Task item: Nothing but the pictures may be dropped; the rest of the listing is to be written out exactly.

Data:
——————

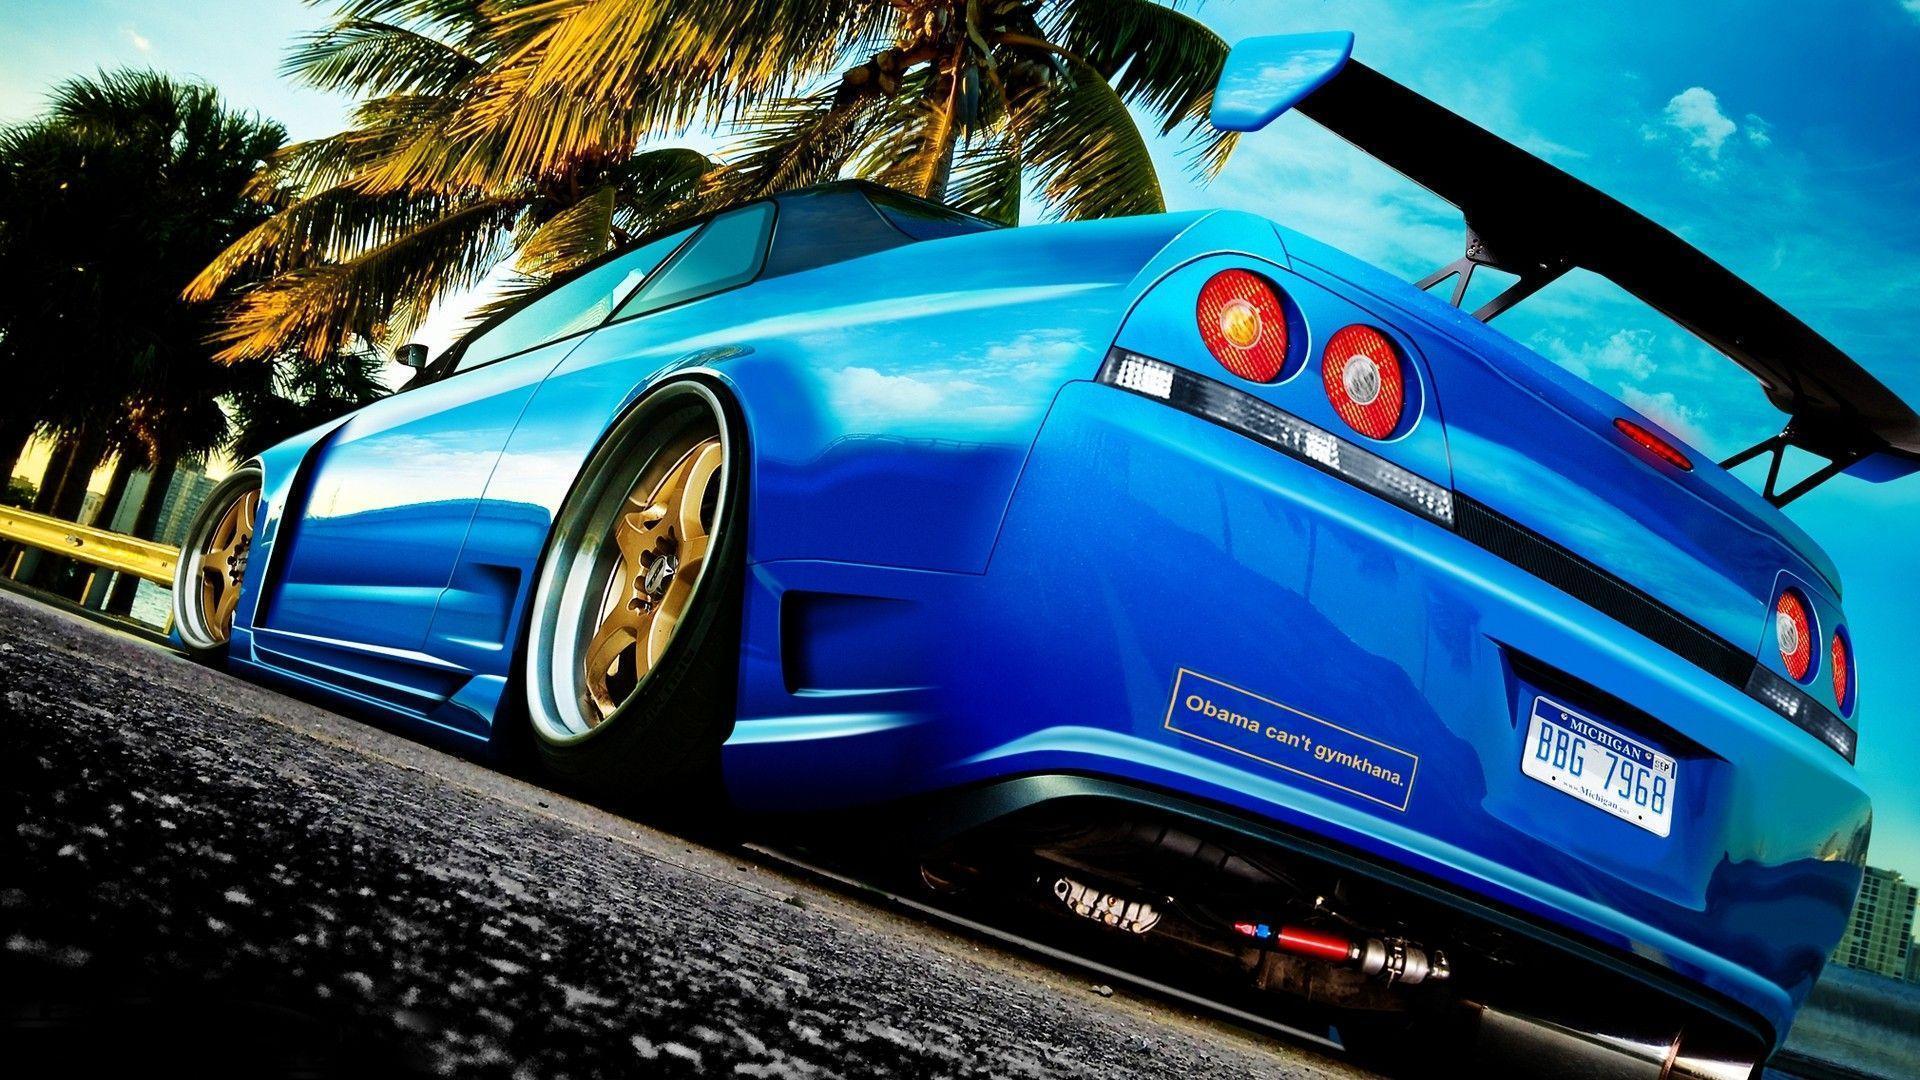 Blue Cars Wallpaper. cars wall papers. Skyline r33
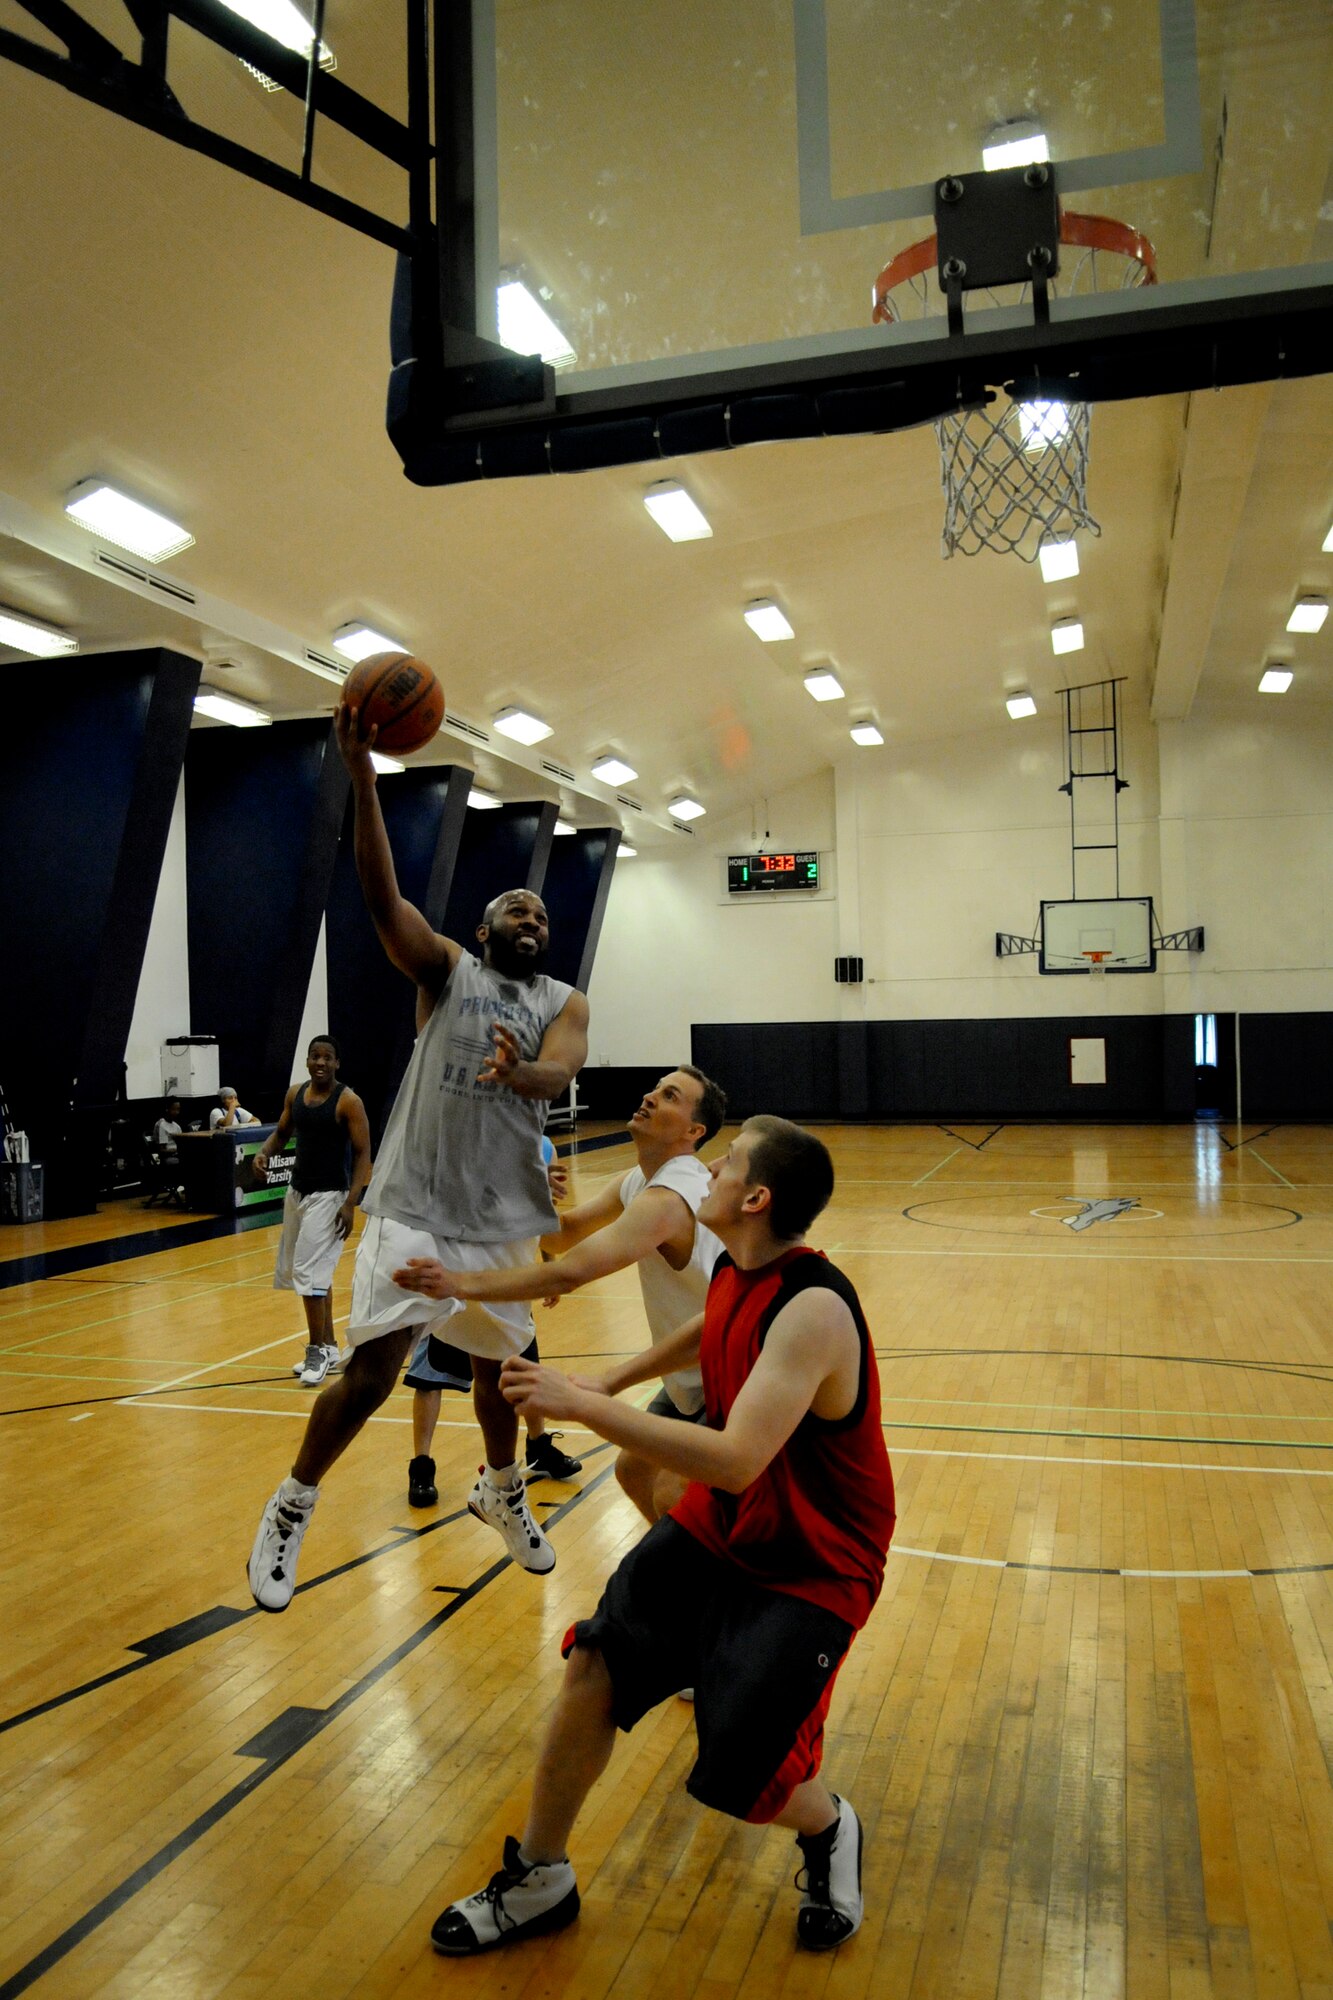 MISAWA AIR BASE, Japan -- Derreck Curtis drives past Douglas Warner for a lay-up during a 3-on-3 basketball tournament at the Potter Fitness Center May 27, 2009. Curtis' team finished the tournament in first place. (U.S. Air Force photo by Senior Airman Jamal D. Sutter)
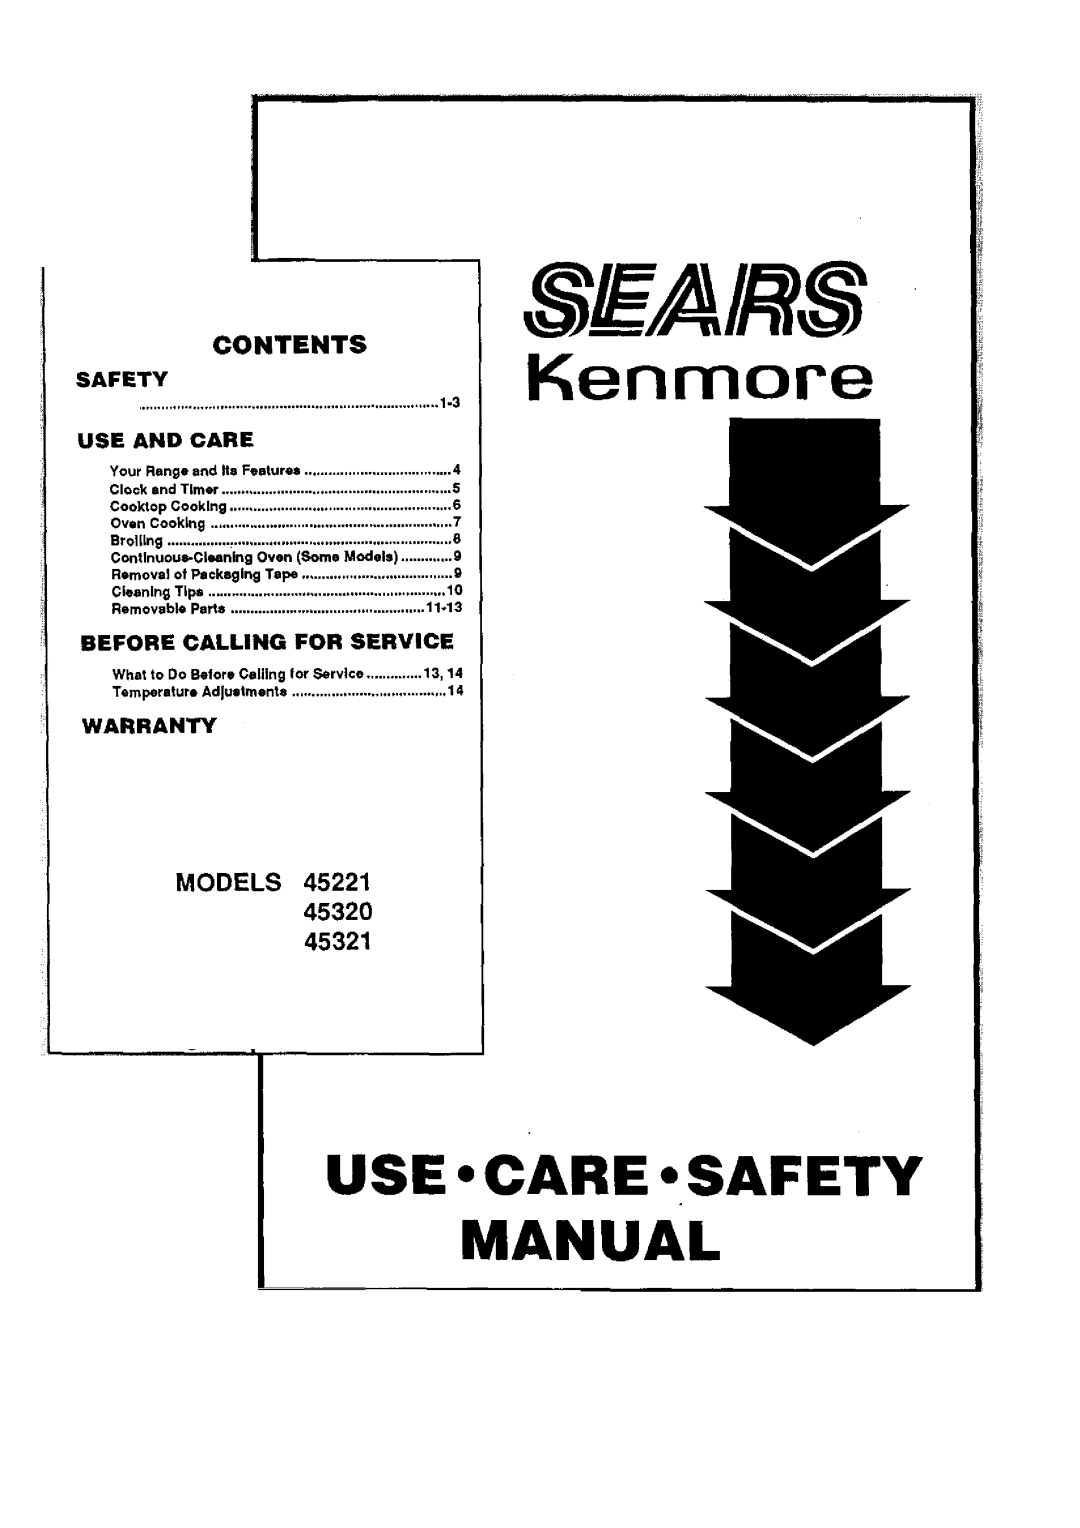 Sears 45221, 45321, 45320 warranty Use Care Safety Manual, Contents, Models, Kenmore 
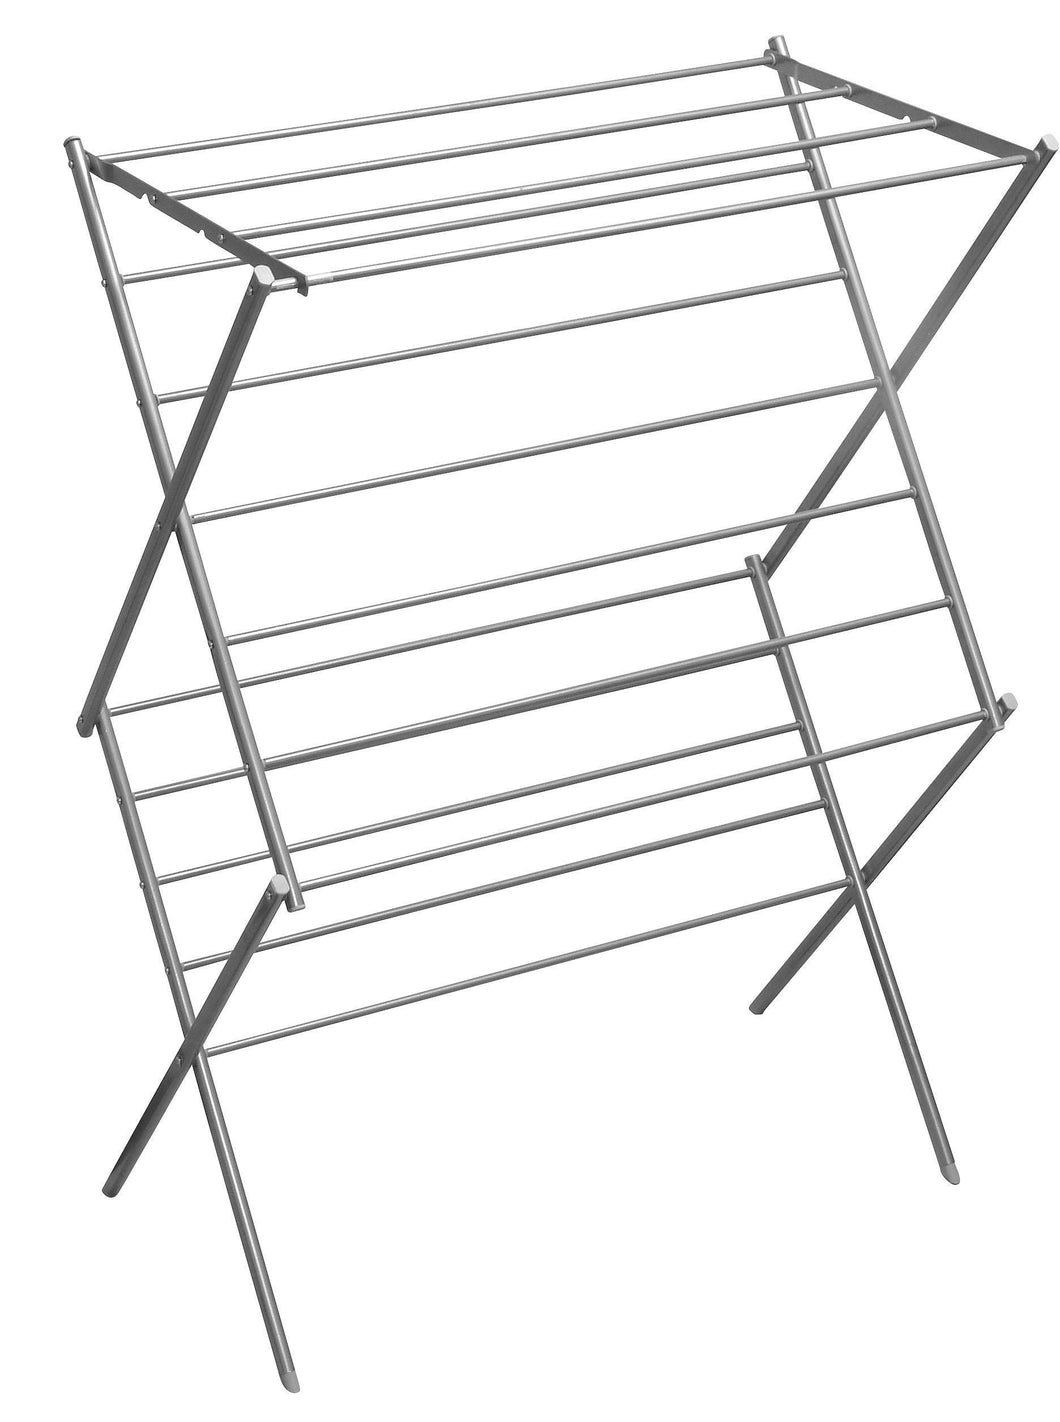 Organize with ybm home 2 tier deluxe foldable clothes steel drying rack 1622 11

——————

Answer to this problem:
 Blue Cars Wallpaper. cars wall papers. Skyline r33
 MISAWA AIR BASE, Japan -- Derreck Curtis drives past Douglas Warner for a lay-up during a 3-on-3 basketball tournament at the Potter Fitness Center May 27, 2009. Curtis' team finished the tournament in first place. (U.S. Air Force photo by Senior Airman Jamal D. Sutter)
 Sears 45221, 45321, 45320 warranty Use Care Safety Manual, Contents, Models, Kenmore 
 Organize with ybm home 2 tier deluxe foldable clothes steel drying rack 1622 11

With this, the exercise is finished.